Como falar de sexo, virgindade e gravidez com meninas e meninos



Assuntos envolvendo sexualidade se tornaram tabus ao longo do tempo, principalmente por conta da ideia de pecado transmitida pelas religiões, e assim se mantiveram por muito tempo, mas será correto não falar sobre eles no núcleo familiar, na escola, ou manter as idéias sexistas e preconceituosas?

Com certeza não. Não falar passa a impressão de proibição, de errado, e nos faz perder a oportunidade de educar corretamente.

O obscurantismo ocidental e sua filosofia consequente nos enfiaram goela abaixo, como lavagem cerebral, visões tradicionais e machistas deturpadas e a idéia de santidade ligada à virgindade feminina. A mulher deveria se casar virgem, se não era impura.

As santas eram virgens, mesmo as mães quando e onde cesáreas não eram comuns... Lógico que essa é uma metáfora, como tantas outras presentes nos livros religiosos. Essa virgindade religiosa significa pureza de espírito, não uma pelezinha dentro da vagina. Afinal, que importância uma mini pele teria na evolução da alma, em sua bondade, em seu caráter e moral?
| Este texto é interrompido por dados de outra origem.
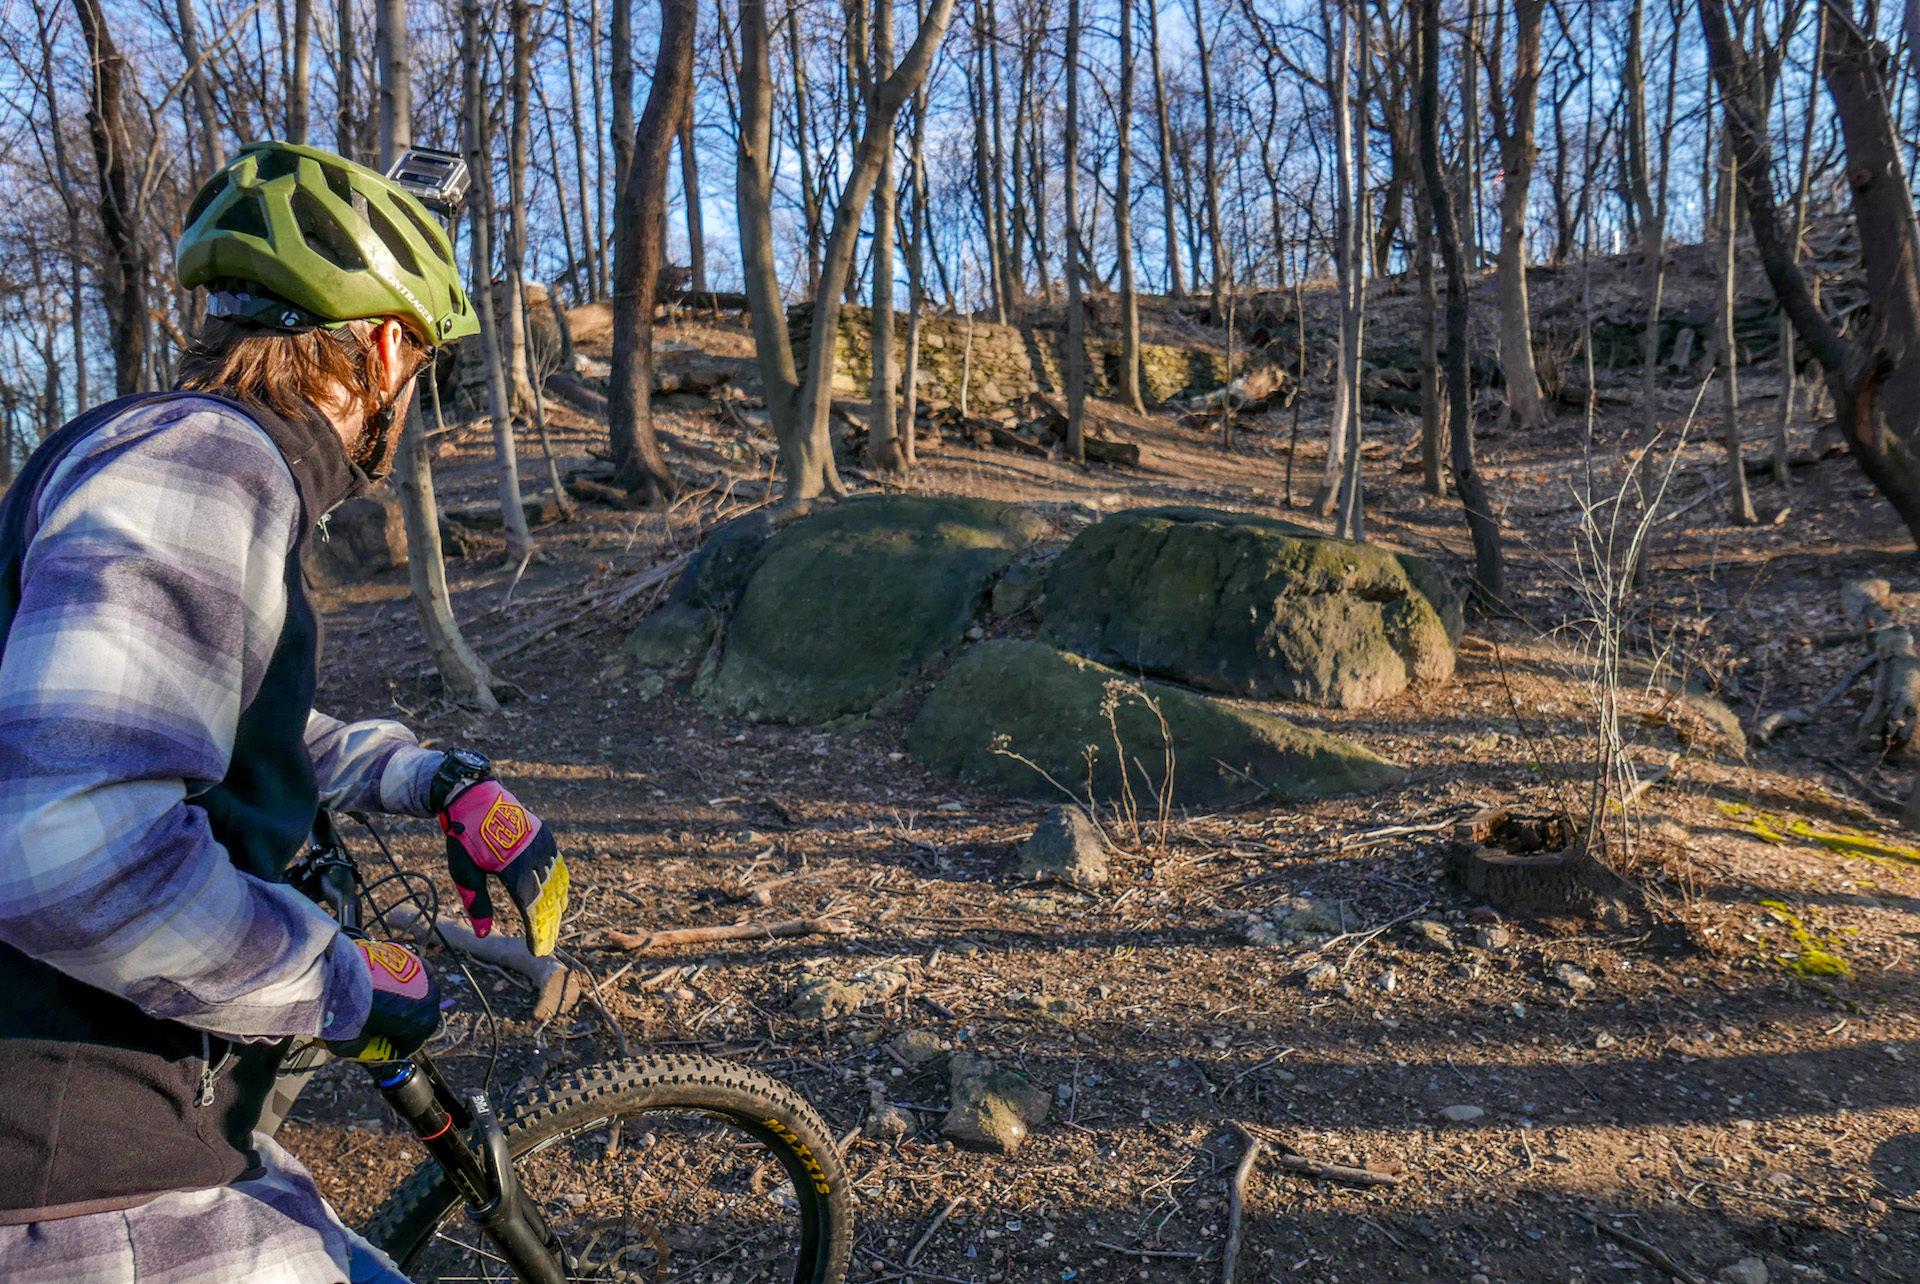 Bostjan surveys the rock obstacles.
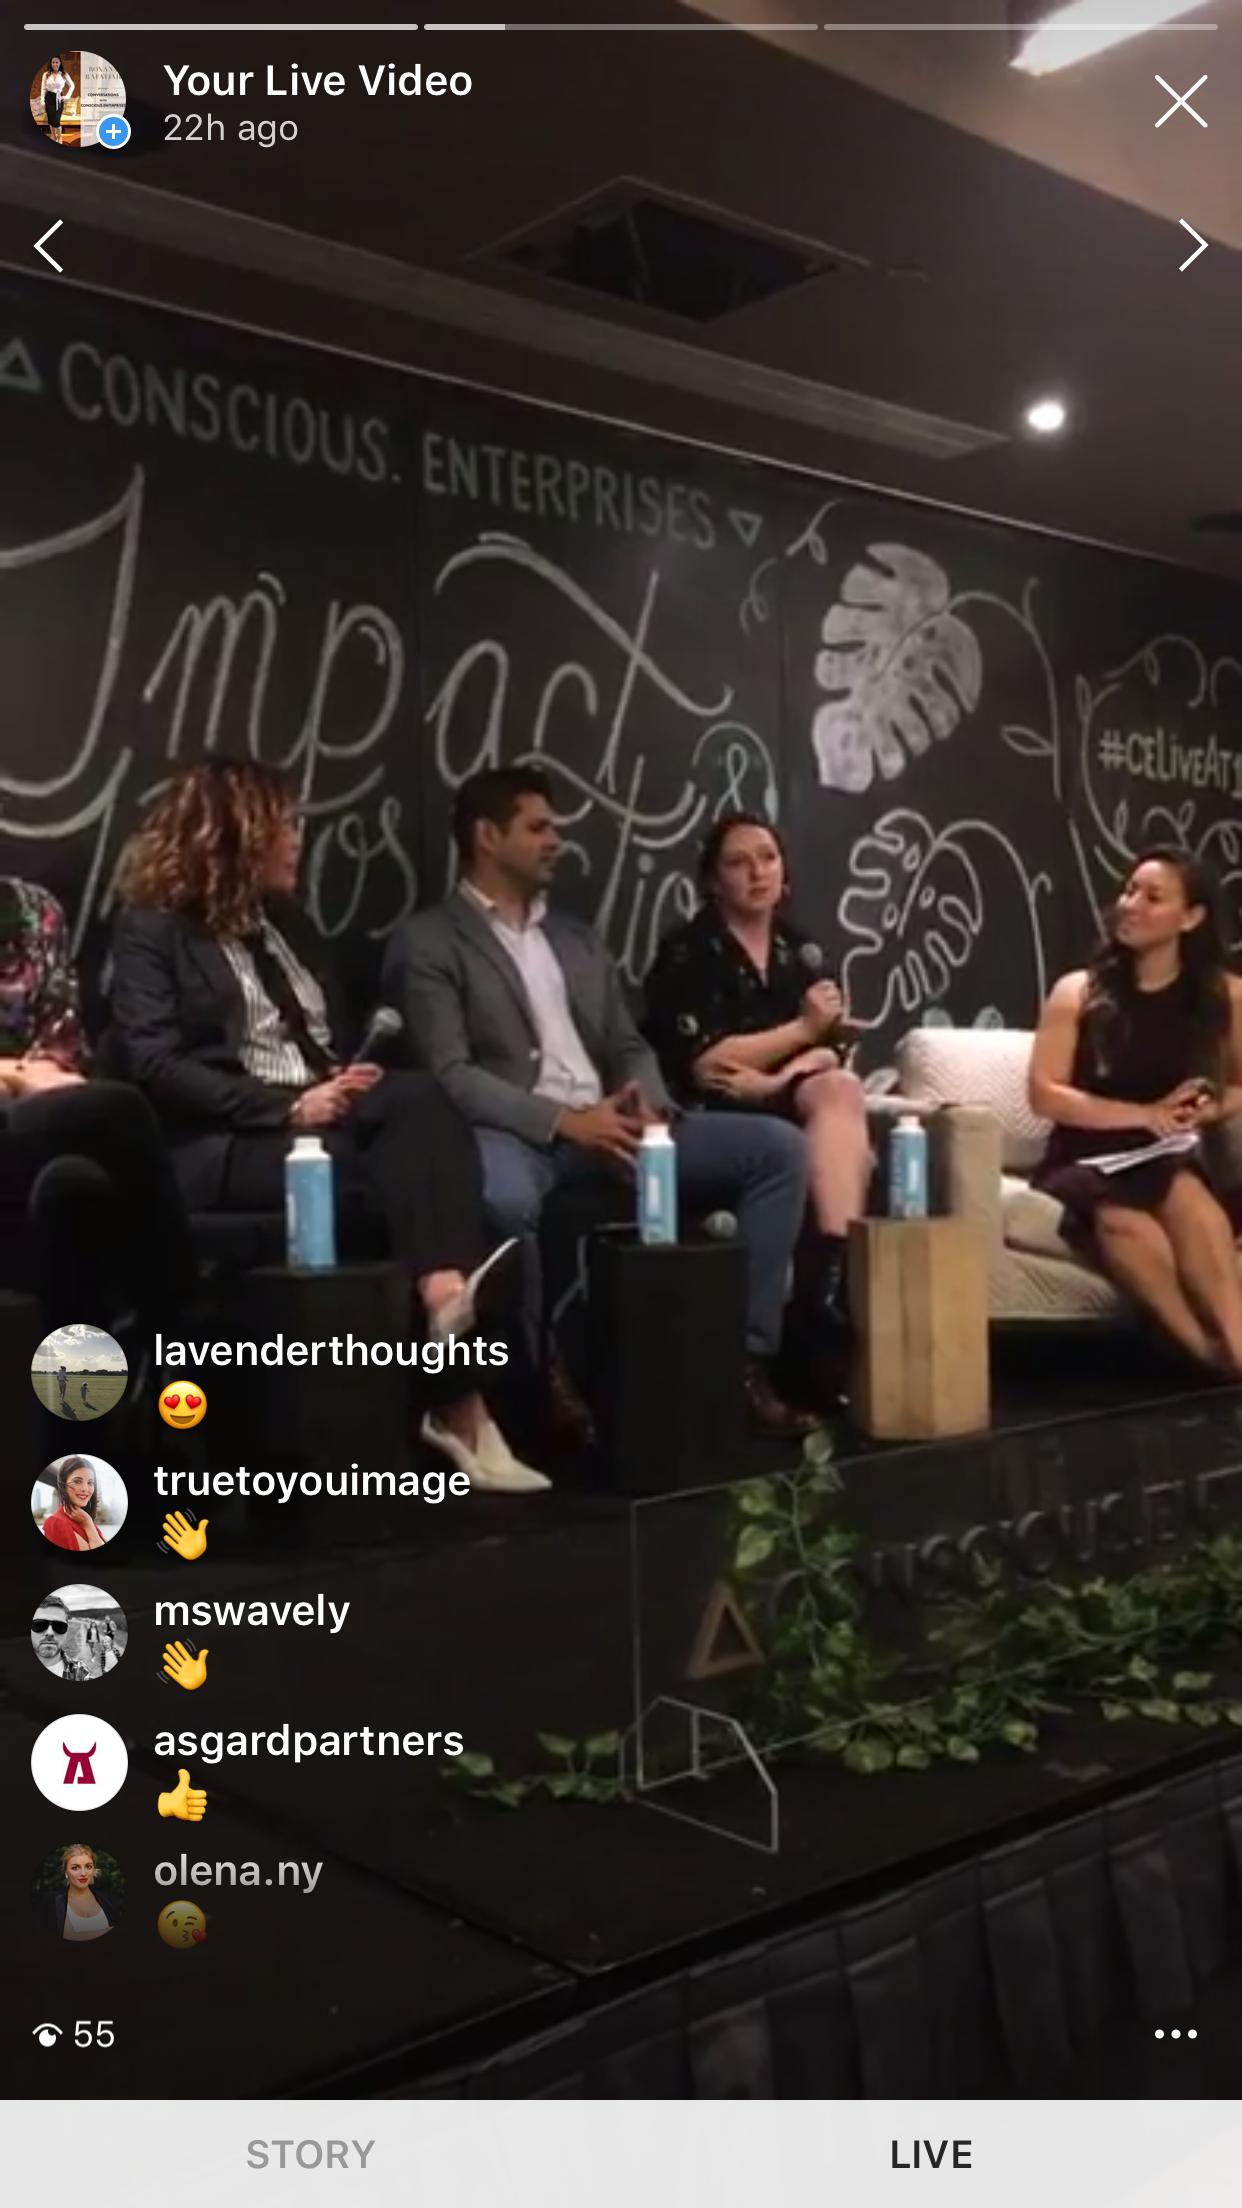 Instagram Live Feed of Conscious Enterprises LIVE @ 1 Hotel

Certas religiões pregavam o celibato não porque quem faz sexo é impuro, mas para não dividir nem os bens de suas instituições, nem o precioso tempo daqueles que se ofereciam a ajudar.

Algumas ramificações religiosas exageraram tanto que criaram o celibato de pensamento, que logo mostrou suas consequências: neuroses, medos, desequilíbrios, sofrimento pessoal, crimes!

A sublimação ou culpa com relação à energia sexual, inclusive com relação à masturbação - ou seja: celibato - deixa muitas pessoas irritadas, agressivas, explosivas e tão descontroladas que acabam sendo instintivas em dados momentos, vindo a ser capazes até mesmo de estuprar uma criança: aquele ser de espírito puro que a ninguém “contaminaria”, vulnerável e facilmente manipulável. ... E isso é bem simples de “deixar para lá” para quem “tem” o poder de conceder o perdão divino ou trocá-lo por orações...

A única maneira do celibato não causar desequilíbrios como os citados é o controle medicamentoso da libido com, se necessário, tratamento hormonal.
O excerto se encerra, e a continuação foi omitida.